**** PROVIDED DATA
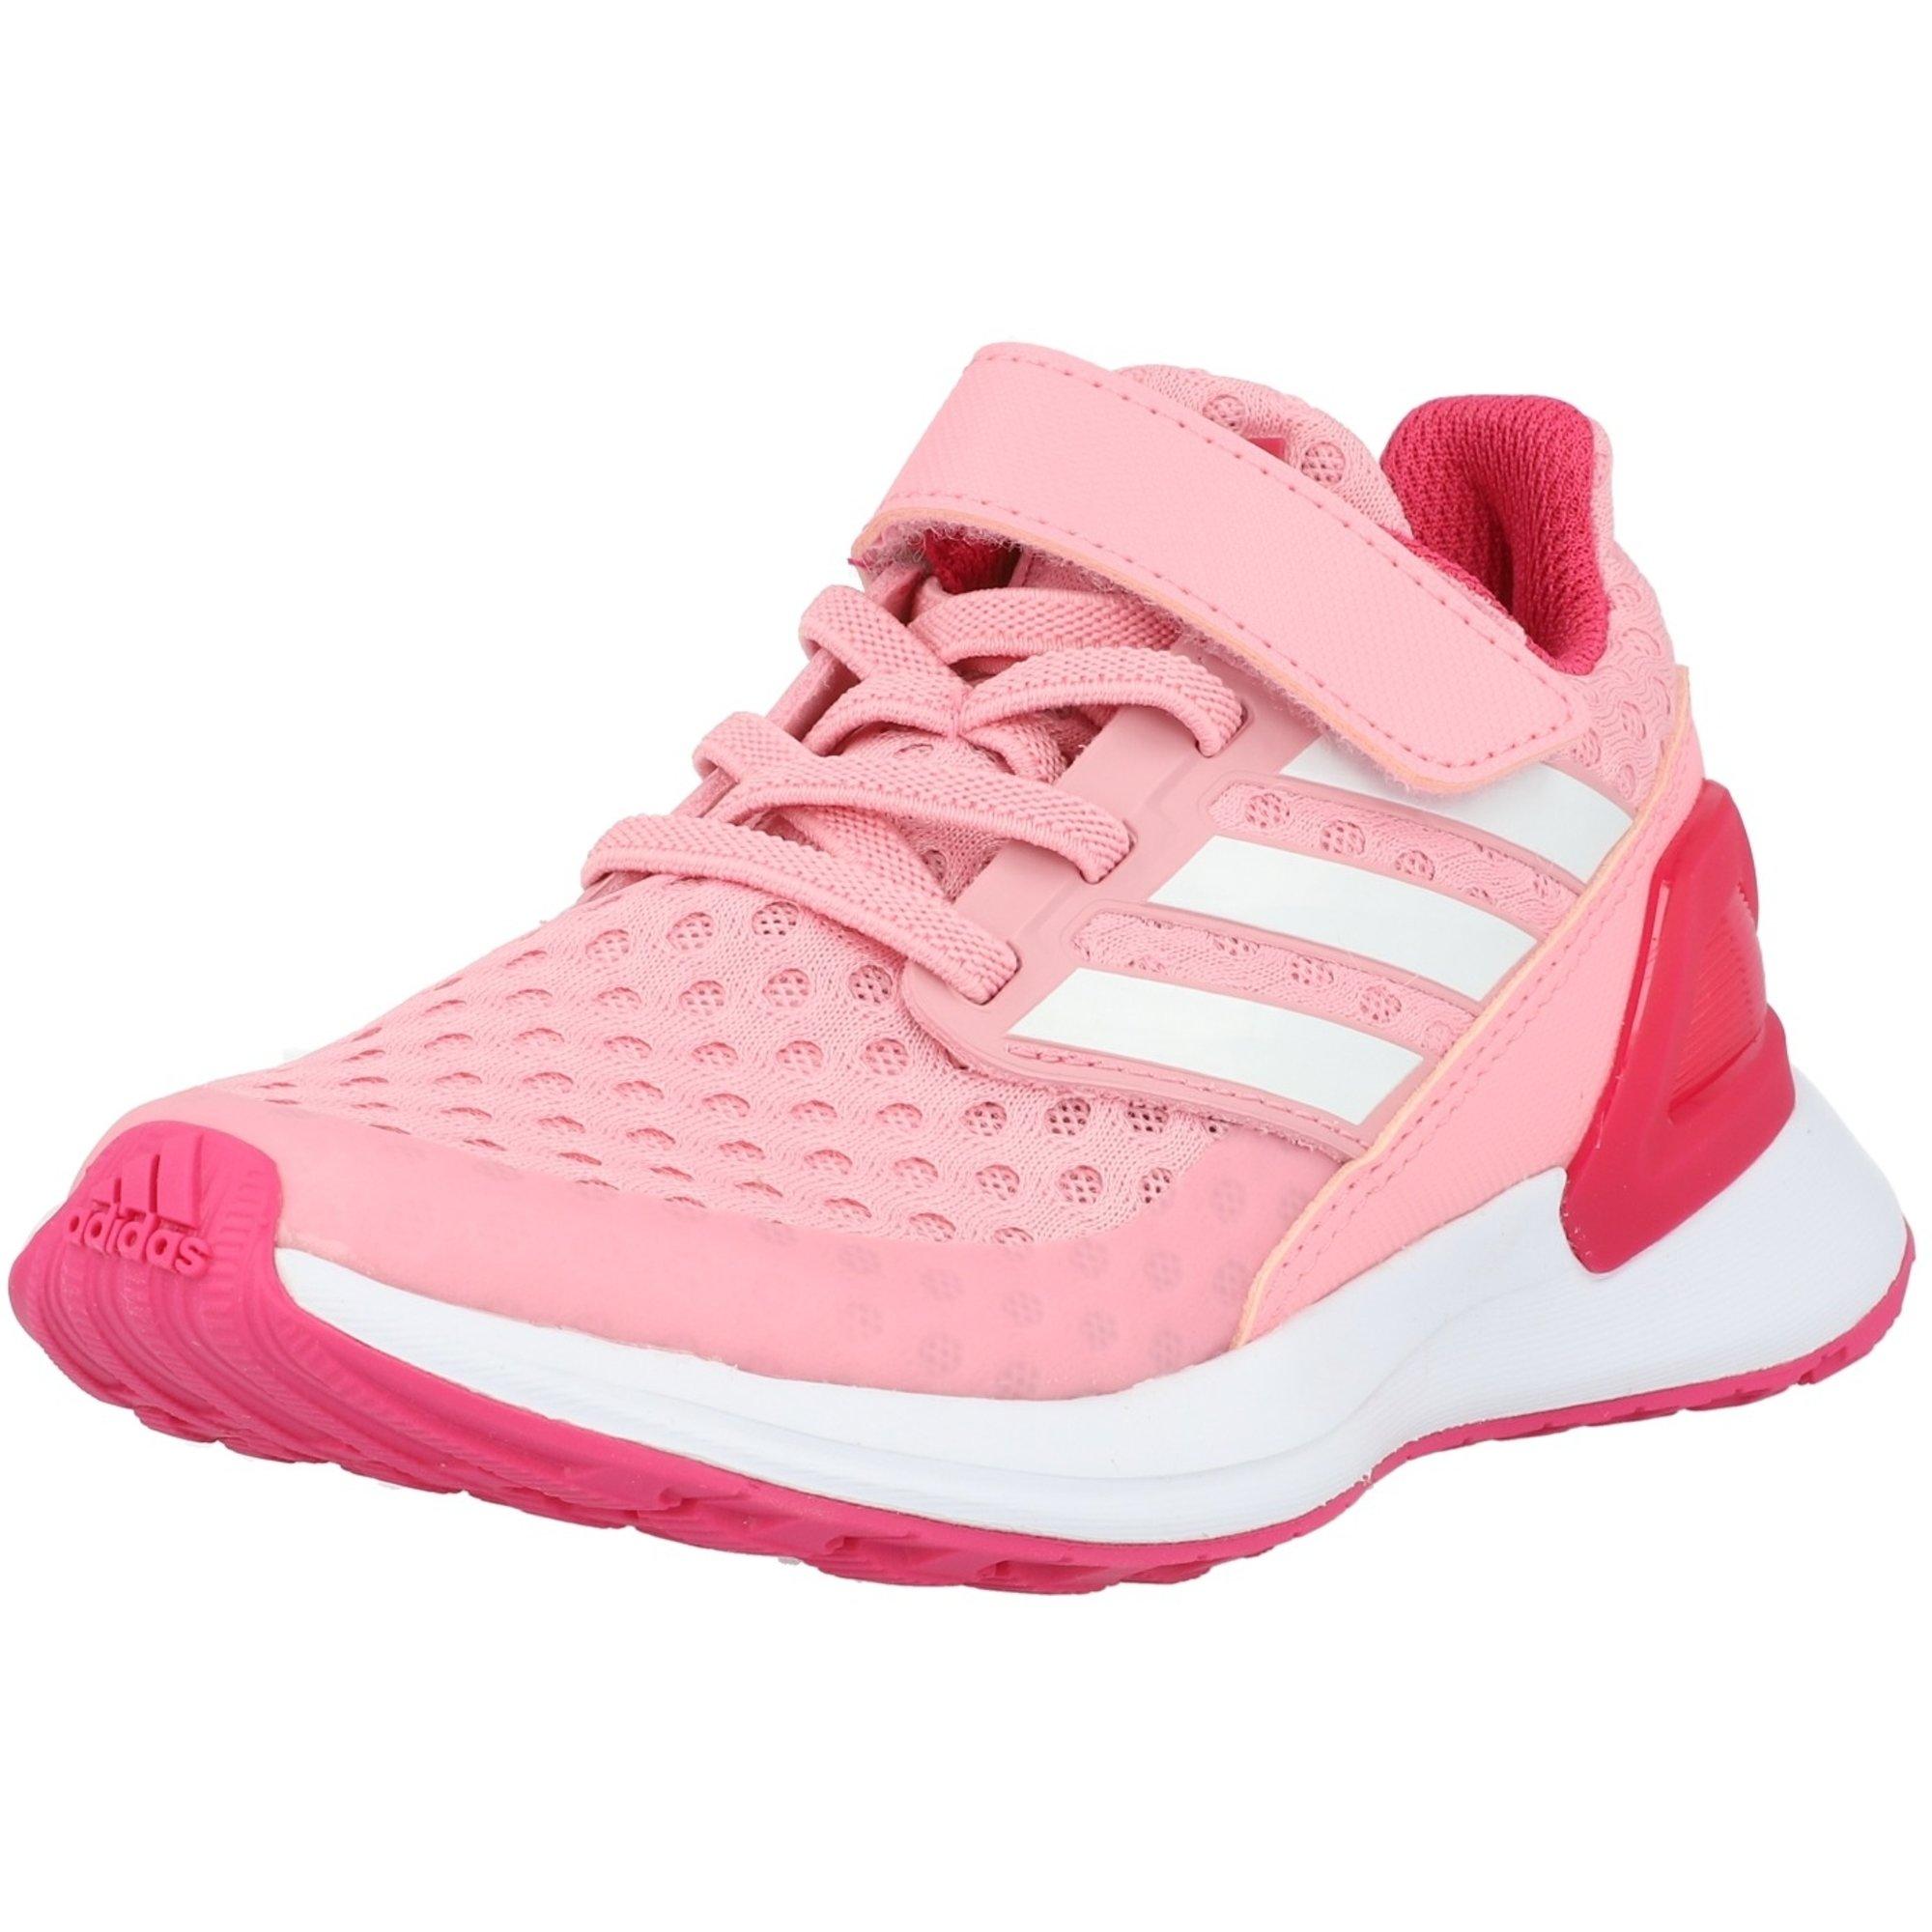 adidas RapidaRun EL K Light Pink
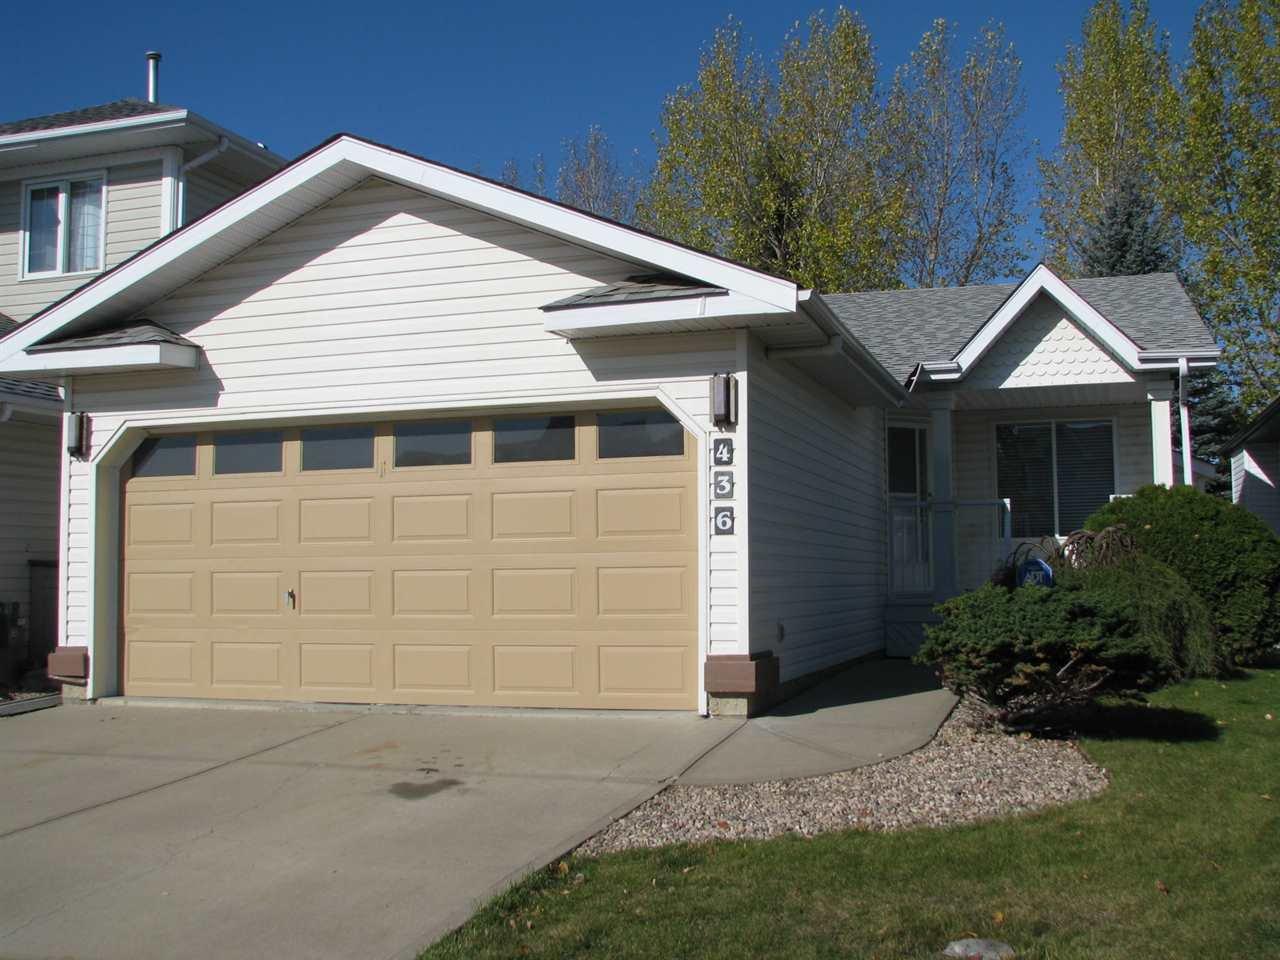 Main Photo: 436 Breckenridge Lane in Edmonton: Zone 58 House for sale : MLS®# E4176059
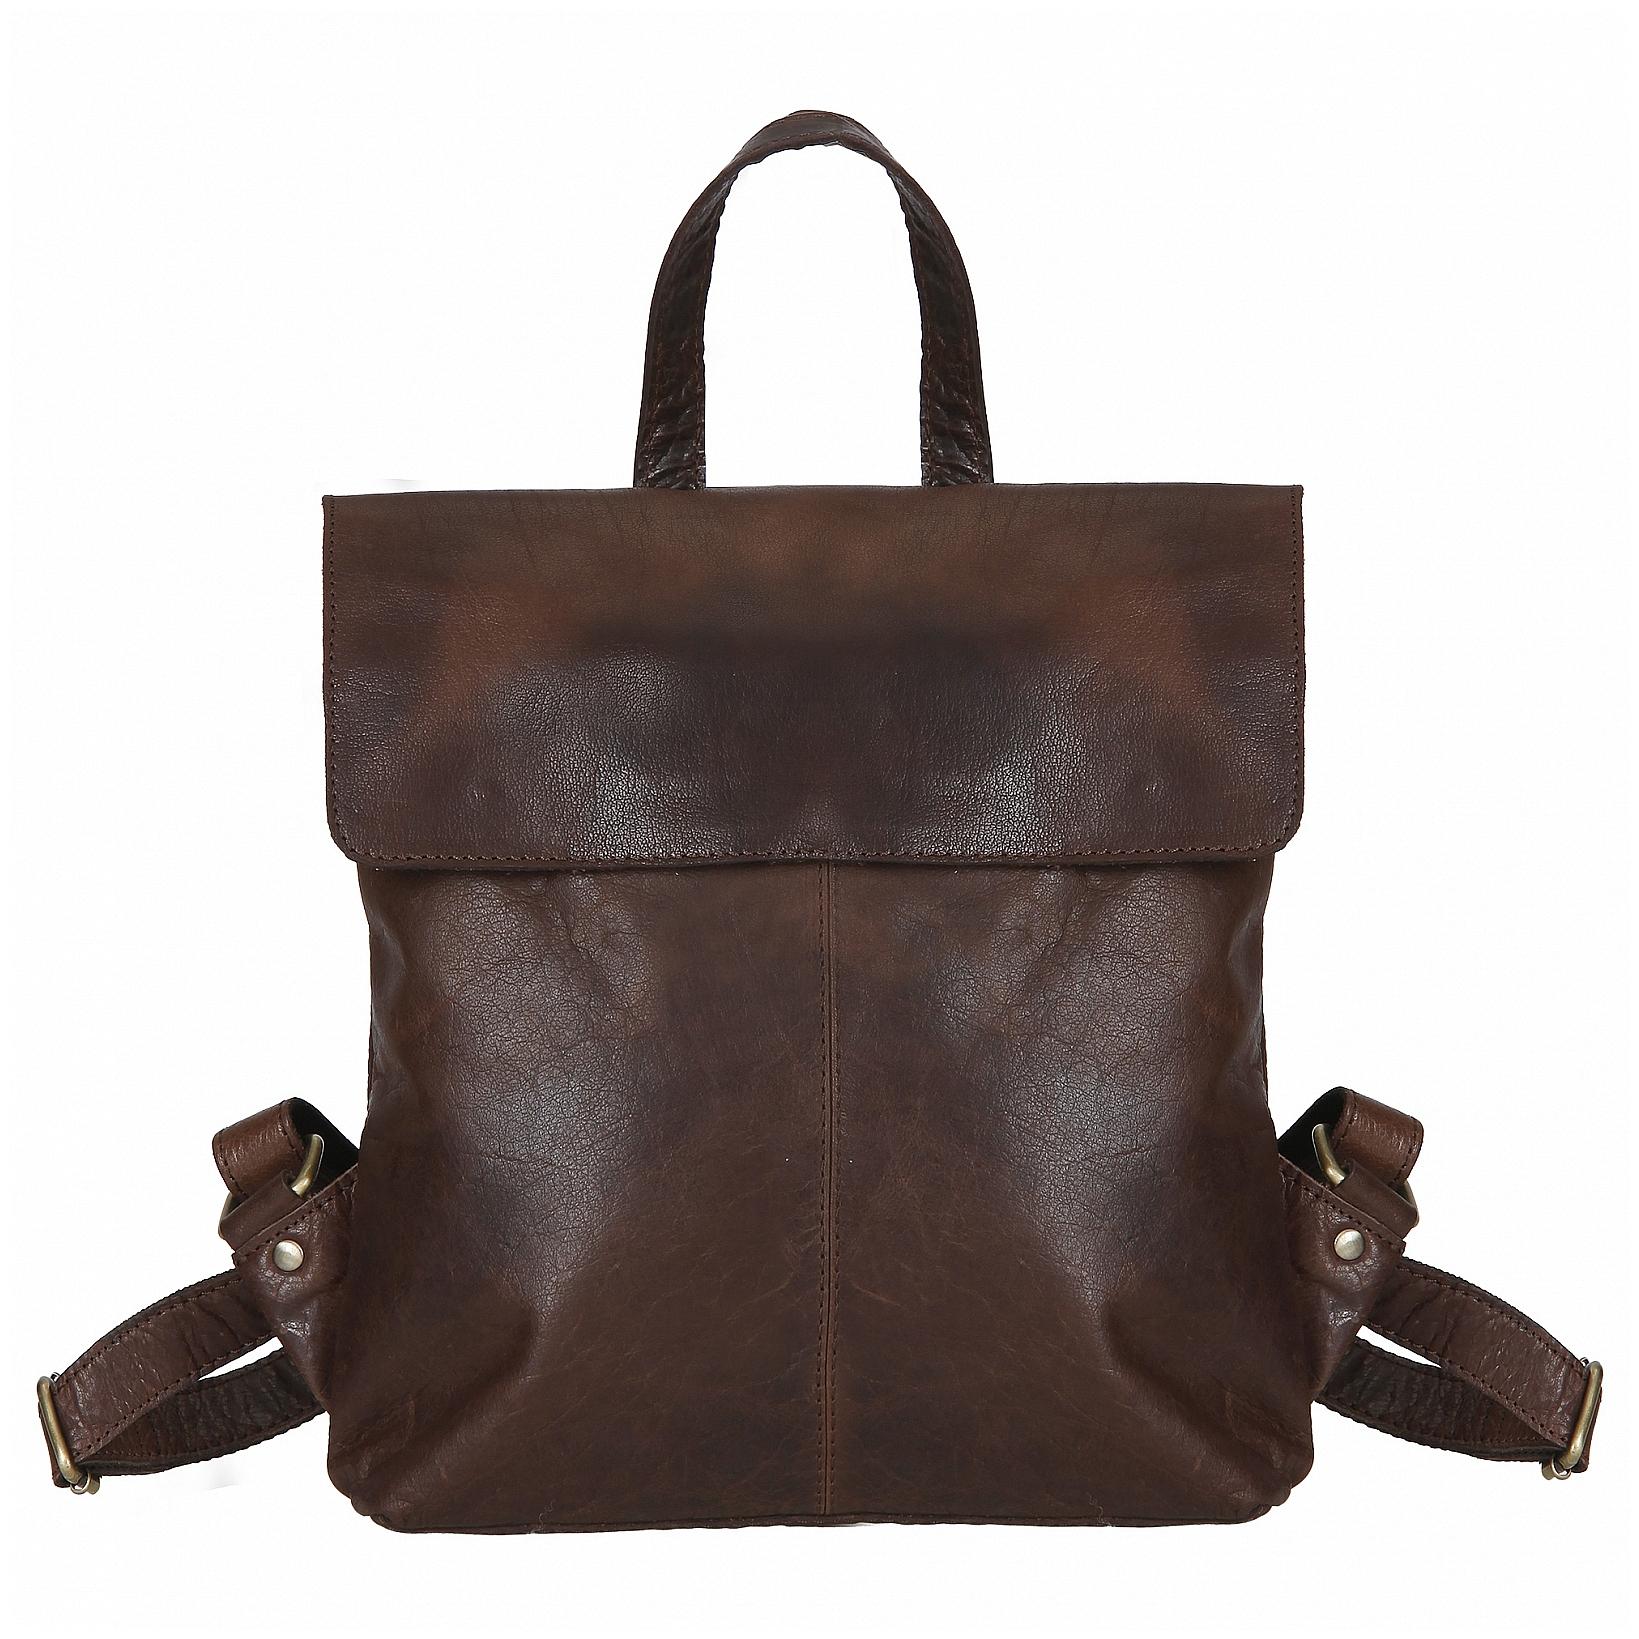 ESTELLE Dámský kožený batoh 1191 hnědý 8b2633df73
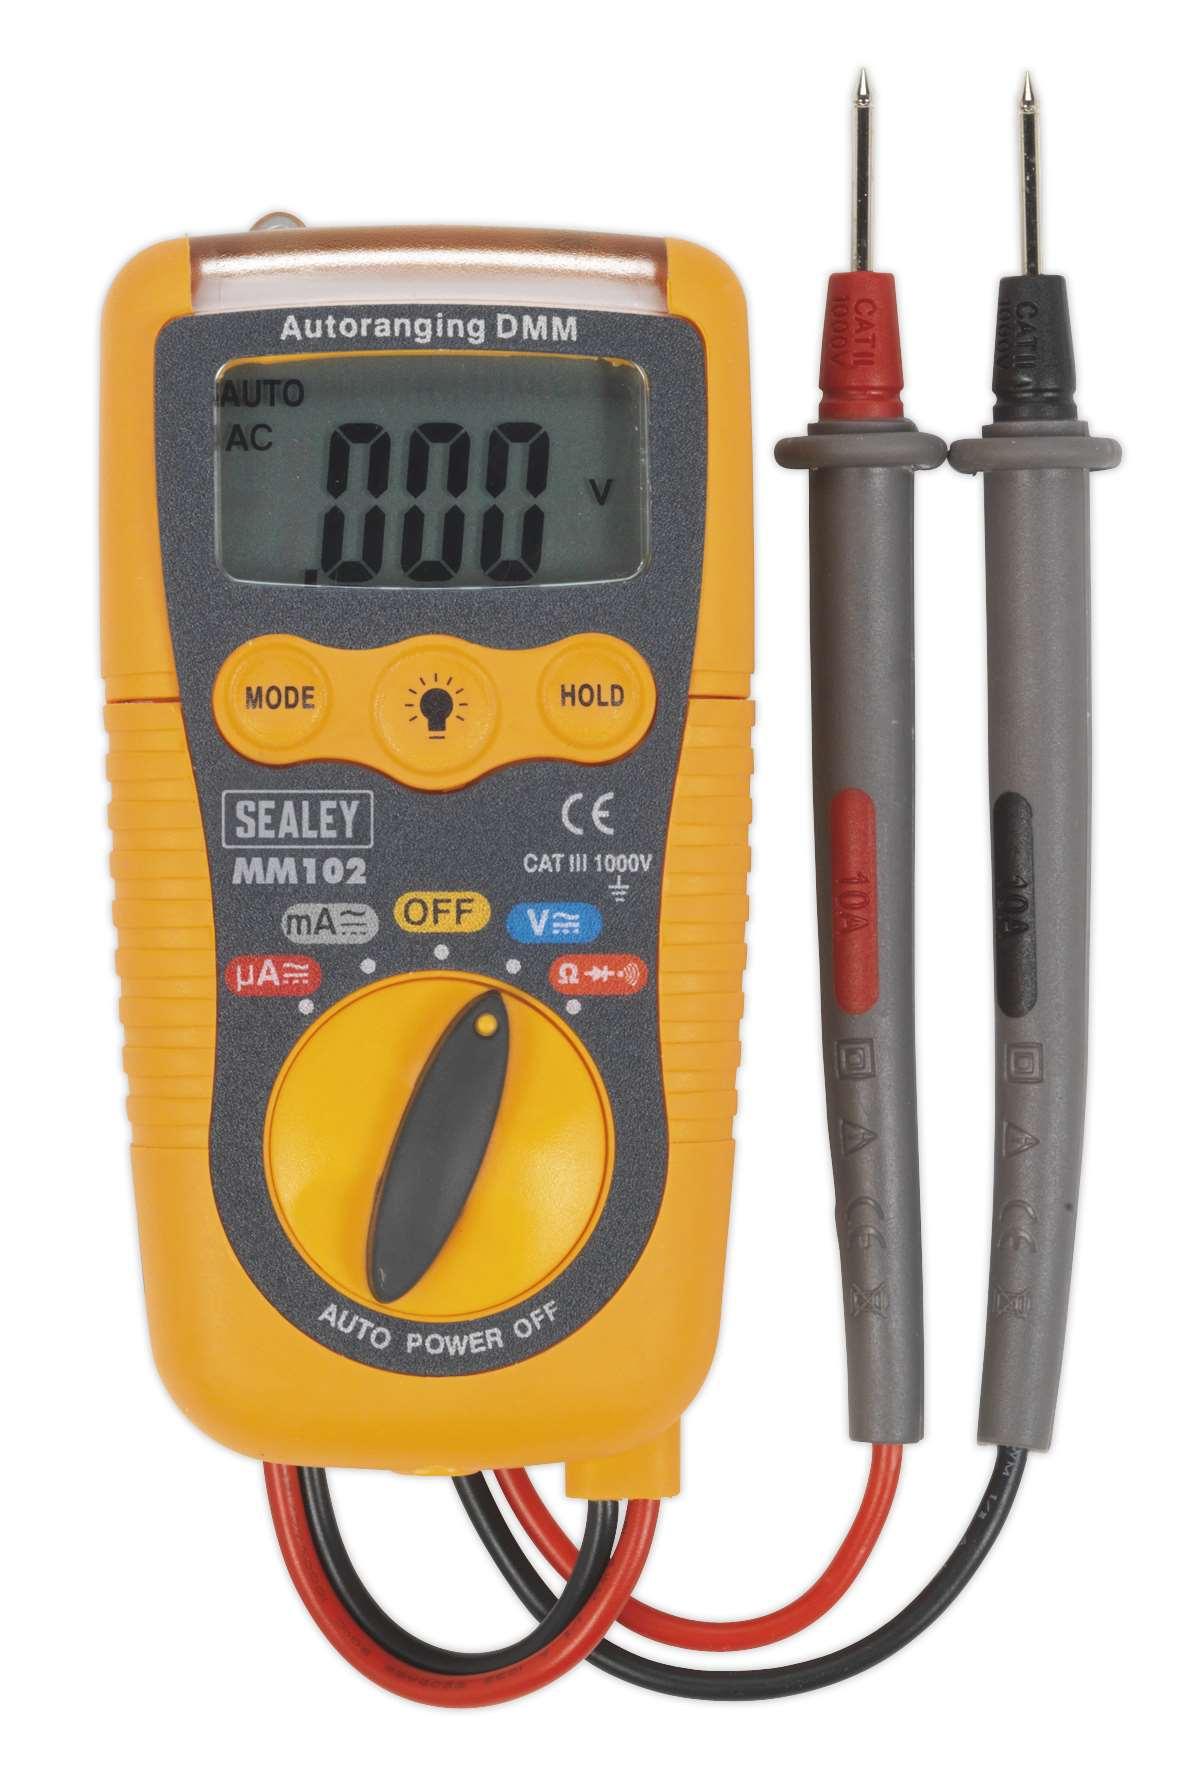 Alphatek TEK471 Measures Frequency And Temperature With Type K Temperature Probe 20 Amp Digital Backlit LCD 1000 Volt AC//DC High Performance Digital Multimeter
********
### WHAT YOU HAVE TO DO
Write out the data again word for word, minus any images.

### RESULT BELOW
 adidas RapidaRun EL K Light Pink
 Main Photo: 436 Breckenridge Lane in Edmonton: Zone 58 House for sale : MLS®# E4176059
 ESTELLE Dámský kožený batoh 1191 hnědý 8b2633df73
 Alphatek TEK471 Measures Frequency And Temperature With Type K Temperature Probe 20 Amp Digital Backlit LCD 1000 Volt AC//DC High Performance Digital Multimeter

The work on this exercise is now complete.